In a recent systematic analysis of the judicial case law, I found approximately 40 court decisions specific to child find under IDEA, with the ratio of reasonable-suspicion rulings being almost 2:1 in favor of school districts. No single factor alone sufficed as a red flag that automatically triggered child find, although therapeutic hospitalization came the closest. Also, whether RTI or a 504 plan was a significant contributing factor depended on how long it had been in place and whether it had been effective in promoting sufficient success in the general education context.

Is a parental request for evaluation a controlling factor for child find?
Not necessarily. The key, again, is reasonable suspicion. The U.S. Department of Education’s Office of Special Education Programs has repeatedly made clear that if the district has no reason to suspect that the child is eligible at the time of the parental request, the district may decline to conduct the evaluation, provided that it gives the parents written notice that includes the basis for the refusal and notification of their procedural safe-guards. The rare exception would be a state law that automatically requires evaluation upon formal request.

What is the second basic ingredient of child find under IDEA beyond reasonable suspicion?
Once reasonable suspicion triggers child find, the second dimension is whether the district initiates the evaluation, typically by obtaining parental consent, within a reasonable period of time. Once again, there is no single, bright-line answer, with the individualized determination based on the circumstances of the case. However, an examination of the much less frequent case law specific to this issue seems to suggest an outer limit of approximately seven to eight weeks.

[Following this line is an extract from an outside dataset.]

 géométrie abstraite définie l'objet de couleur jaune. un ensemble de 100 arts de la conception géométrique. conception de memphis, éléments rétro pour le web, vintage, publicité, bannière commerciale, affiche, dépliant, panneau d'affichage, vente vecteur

Do schools also have a child find obligation under Section 504?
Yes. Section 504’s broader definition of disability—as D.L.’s severe asthma illustrates—provides a residual child find obligation for evaluation when there is reason to suspect a mental or physical impairment that substantially limits a major life activity, such as breathing or concentration, even if there is no reasonably suspected need for special education.

Child find is an oft-misunderstood legal obligation. First, its impact under IDEA is on students in general education. Yet, it does not equate to either an automatic duty to evaluate or, upon evaluation, a necessary answer that the student is eligible. Rather, it initially requires relatively careful and objective attention to various relevant factors—including but not at all limited to behavior and grades—to determine whether there is reason to suspect eligibility, meaning not only a recognized classification but also the need for special education. And next, it requires initiating the evaluation within a reasonable period of time.

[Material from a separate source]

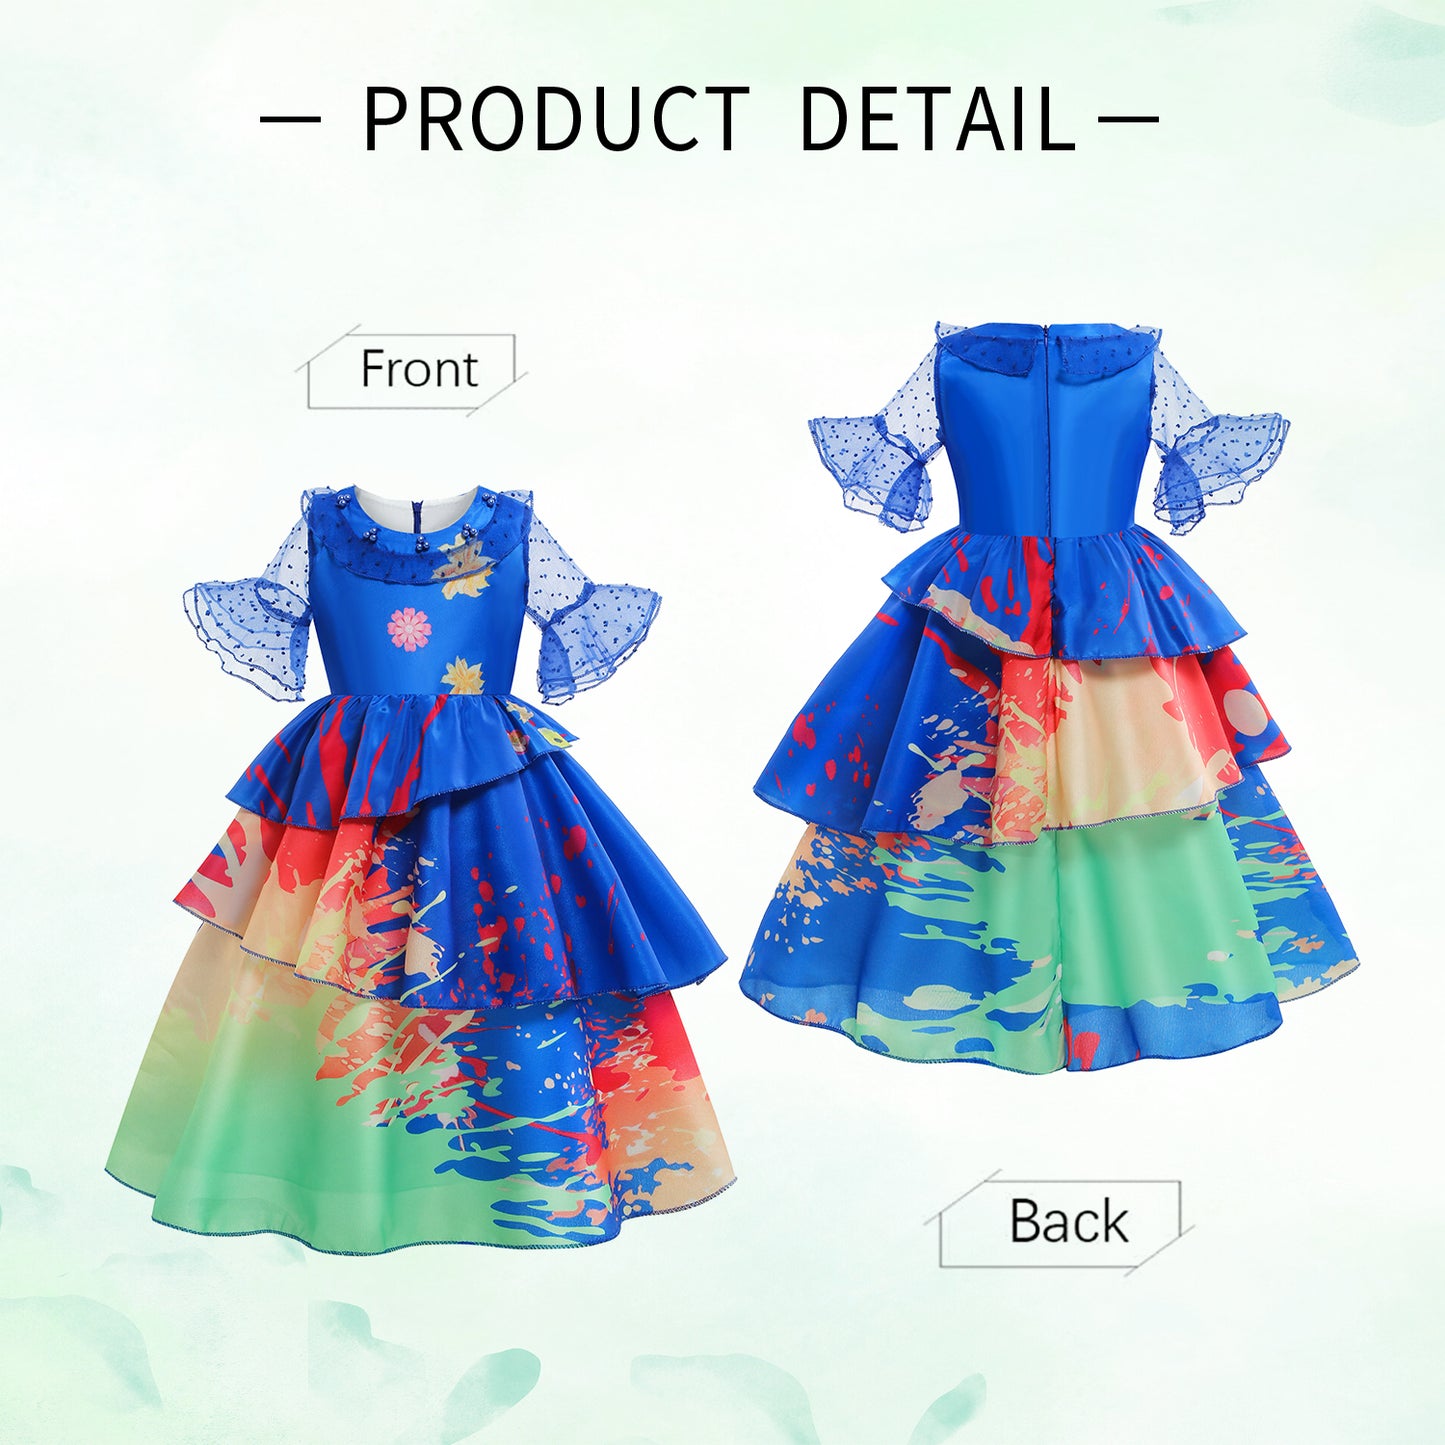 Foierp Girls Dress up - Costume Dress (Blue)

When child find is not triggered under IDEA, consider whether there is corresponding reason to suspect that the child may meet the three criteria for eligibility under Section 504—mental or physical impairment that substantially limits one or more major life activities.

Developing useful procedures and forms under both IDEA and Section 504 along with effective coordination and collaboration between general and special educators will help avoid problems with the child find requirements. Regular training, with the principal playing a central role in the planning and implementation, is the corresponding key. The extent to which the district focuses its training on preventive best practice is discretionary depending on its resources, priorities, and community culture, but understanding and fulfilling the basic legal requirements for child find are essential. Certainly it’s easy to say for reasonable suspicion that “when there’s debate, evaluate” and “the sooner, the better,” but the case law to date reminds us to differentiate the minimum from the optimum.

Perry A. Zirkel is a professor of education and law at Lehigh University.